Donations to the Mid-Shore fund have ranged from $12 to $25,000, and the contributions come from women and men.

“We encourage donations from everybody, even men,” Whitcomb said. “We have some very strong male supporters. Any fund that we grant that strengthens the lives of women and girls also strengthens families and communities.”

To date, the group has granted more than $152,000, and has a permanent endowment of more than $400,000.

“Every donation that comes in doesn’t go out the same year,” Whitcomb said. “We want the Women and Girls Fund to be around long after we’re gone.”

At the Women’s Giving Foundation at THE ASSOCIATED: Jewish Community Federation of Baltimore, each of its 85 members gives $1,000 annually so everyone has an equal say in where the money will go.

“There’s a lot of healthy debate,” said Alyson Meister, external relations liaison for the foundation.

“Some people feel strongly about giving to grassroots organizations; some people feel strongly about giving to groups with a known track record,” she said. “The needs of the group are as different as the group itself.”

With so many different giving circles in the region, Meister is looking into collaborating with them.

“If our mission statements are similar, why not join together and donate to make more of an impact?” she said.

Buffy Beaudoin-Schwartz is helping to strengthen relationships among the state’s giving circles.

As communications director for the Association of Baltimore Area Grantmakers, Beaudoin-Schwartz is firmly entrenched in the giving community. Over the last 10 years, ABAG has published information about giving circles and helped groups get organized.

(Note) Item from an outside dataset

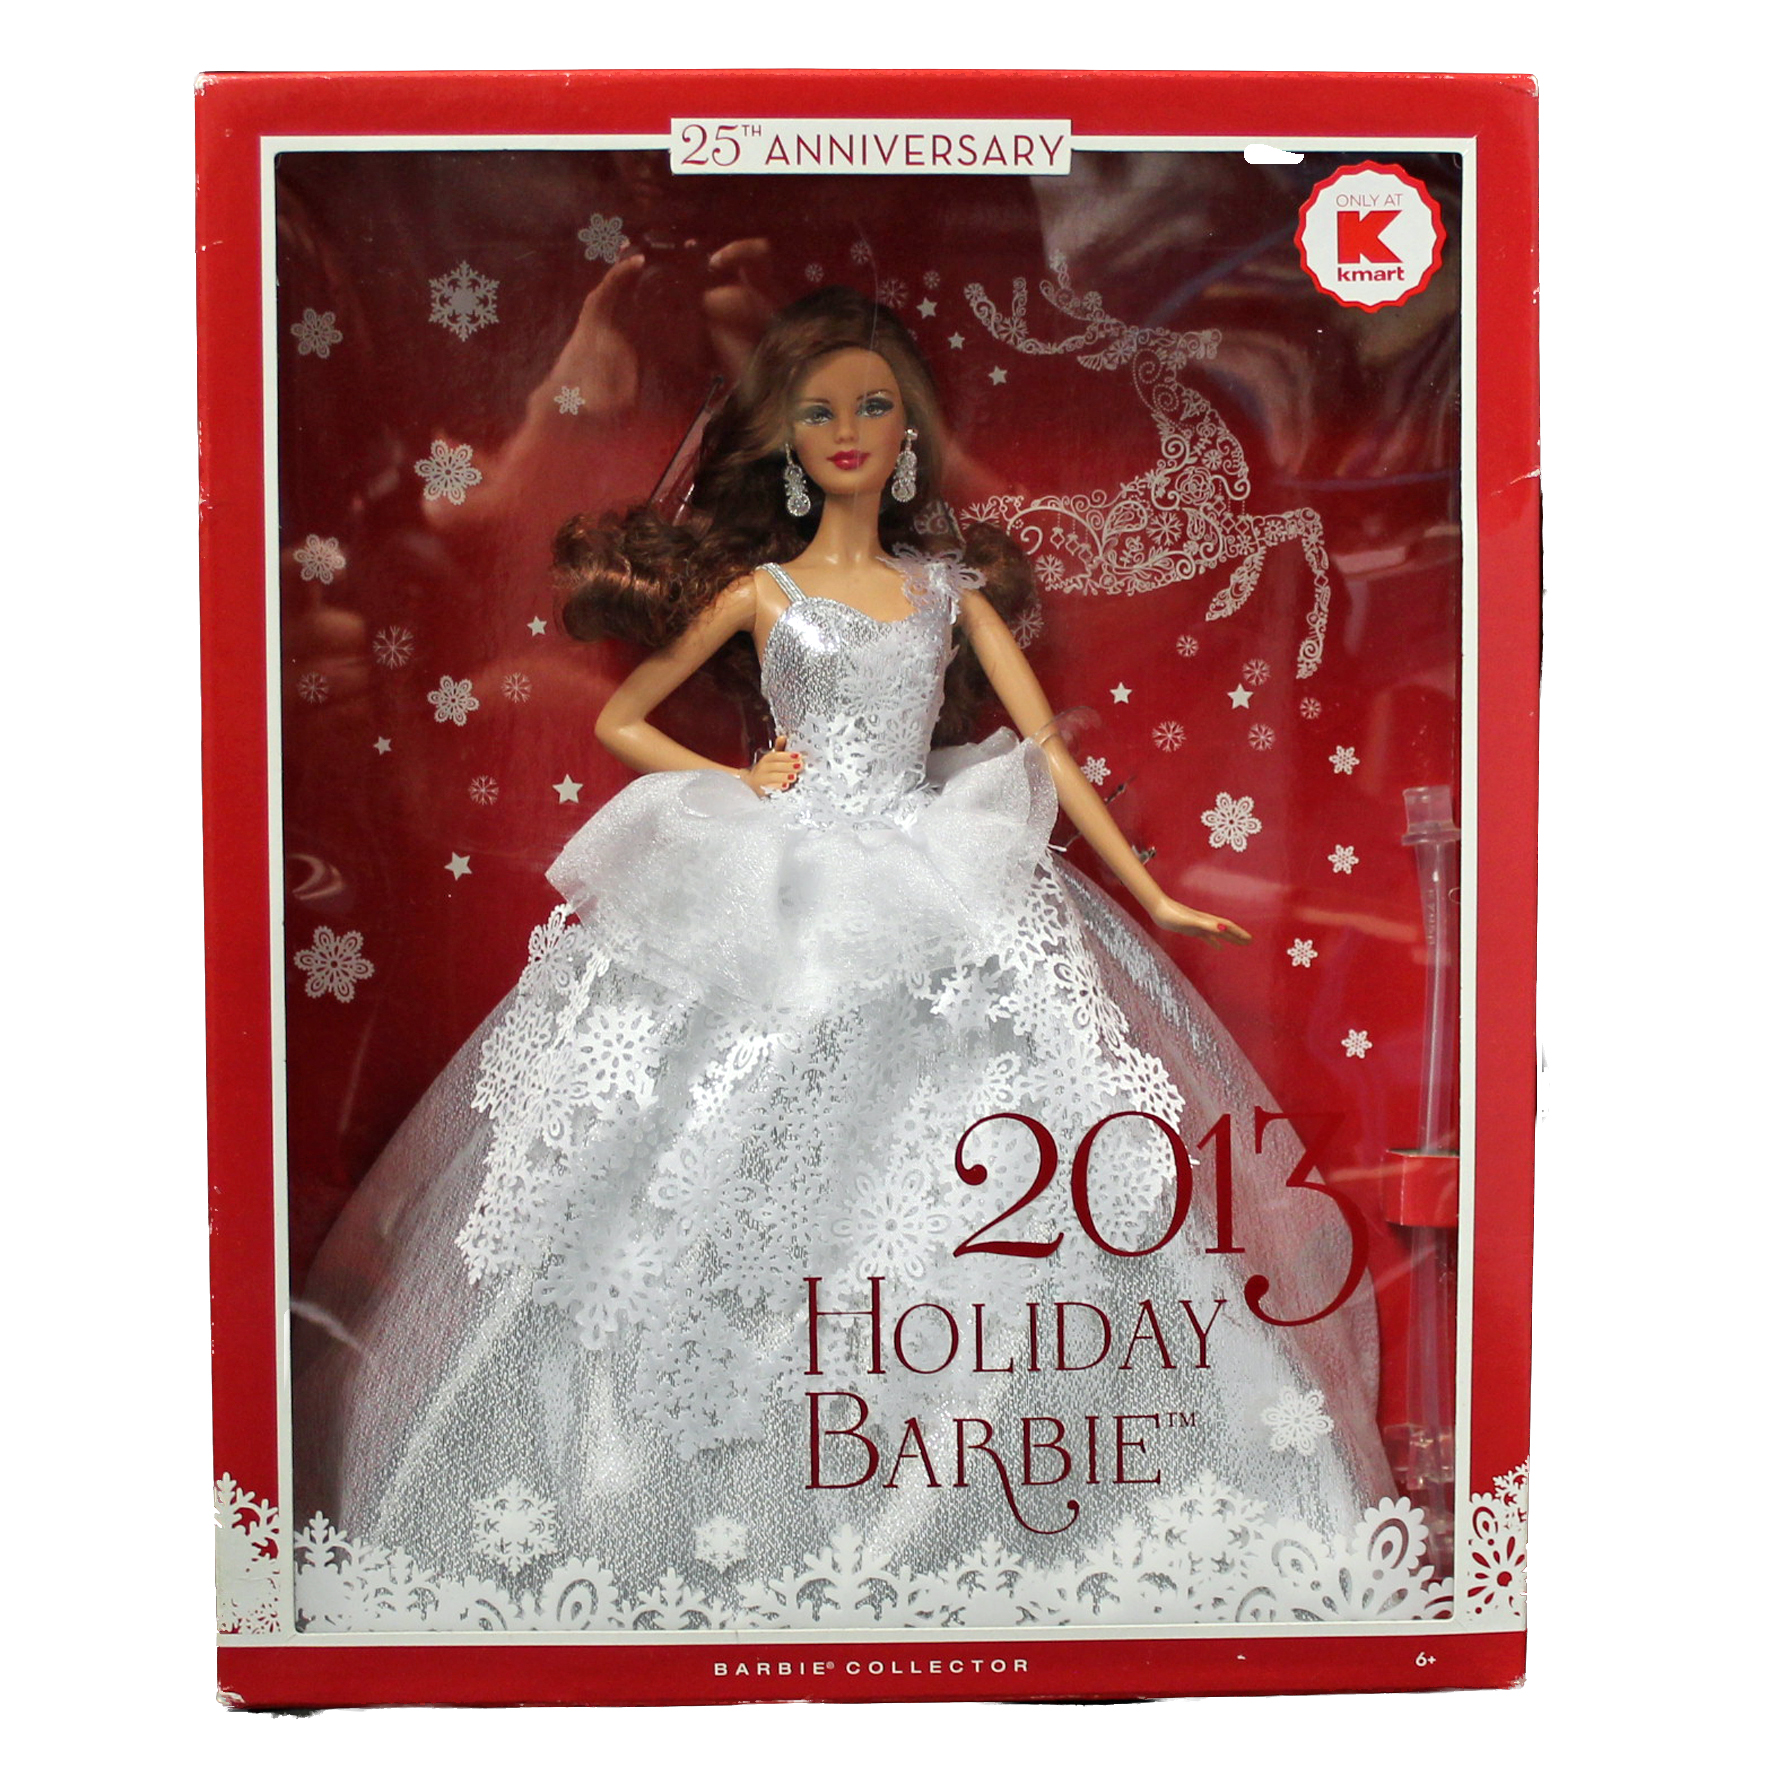 25th anniversary holiday barbie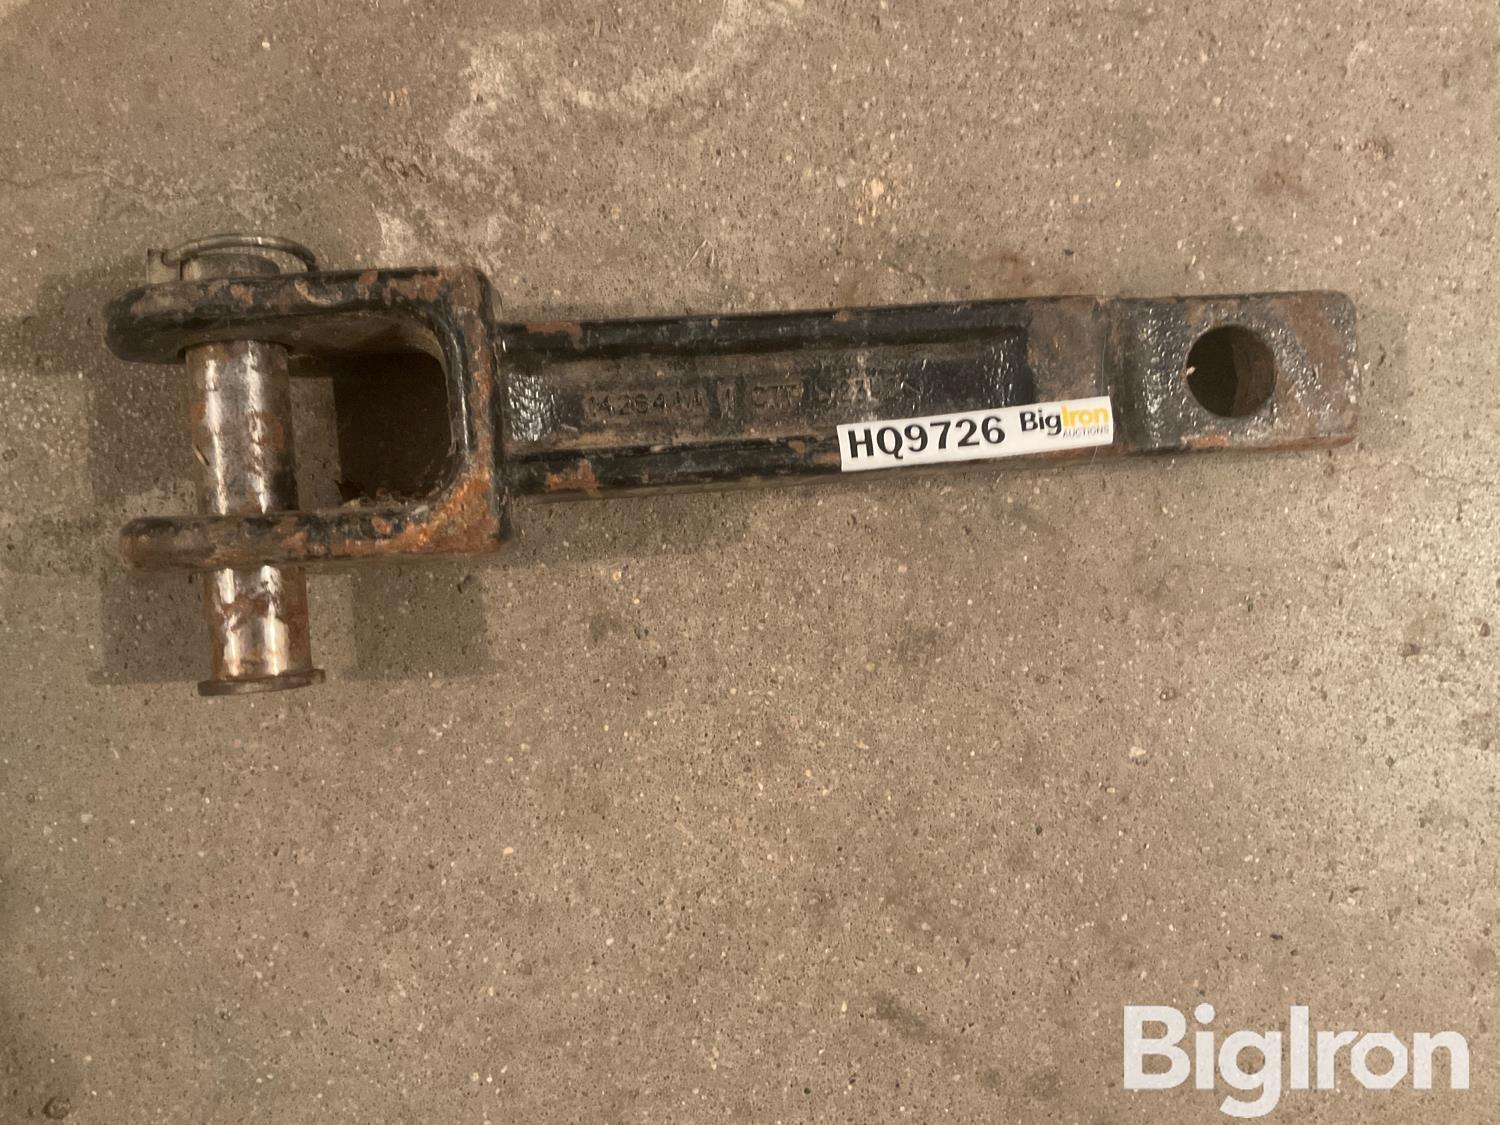 Kenworth T-800 Front Bumper Pull Hitch BigIron Auctions

“I was the point person for all that for all these years,” she said. “What I was finding was that all of my colleagues in giving circles would call me and say they heard about what was happening in Frederick or Howard County and wanted to know how they could do something similar.”

In the tradition of giving circles, ABAG decided to pool the area’s resources by holding an annual Giving Circle Connector Workshop. The second annual meeting was Wednesday.

Members of Anne Arundel Women Giving Together attended the workshop both years, and its president, Gloria Martin-Pressman, said the groups seemed more established this year.

“Last year, there were newer groups and there was so much energy and excitement,” she said. “The needs and questions in the group were different this year, more mature.”

None of the giving circle members who spoke to The Daily Record said they had seen a dip in membership or donations, even in the current tight economy. But Martin-Pressman said her goal of adding 70 new members to the 132 in her group this year “may have been overreaching.”

According to Giving USA, a publication released Monday by the Giving USA Foundation, a philanthropic advocacy organization, donations to American nonprofits and charities in 2007 increased 3.9 percent.

Giving USA attributed the strength of giving last year to the performance of the stock market in the first half of 2007 and increases in corporate and personal income. Survey participants were most concerned about a lagging economy and the health of the stock market affecting donations in 2008.

But the women at Wednesday’s workshop were focused less on the economy than on mentoring one another. Terrell, of the Associated Black Charities, said her group would be looking to grow by using ideas from other giving circles in the area.

“That’s so core to the strength of women’s giving circles,” she said. “They exist to leverage other people’s time, talent and money.”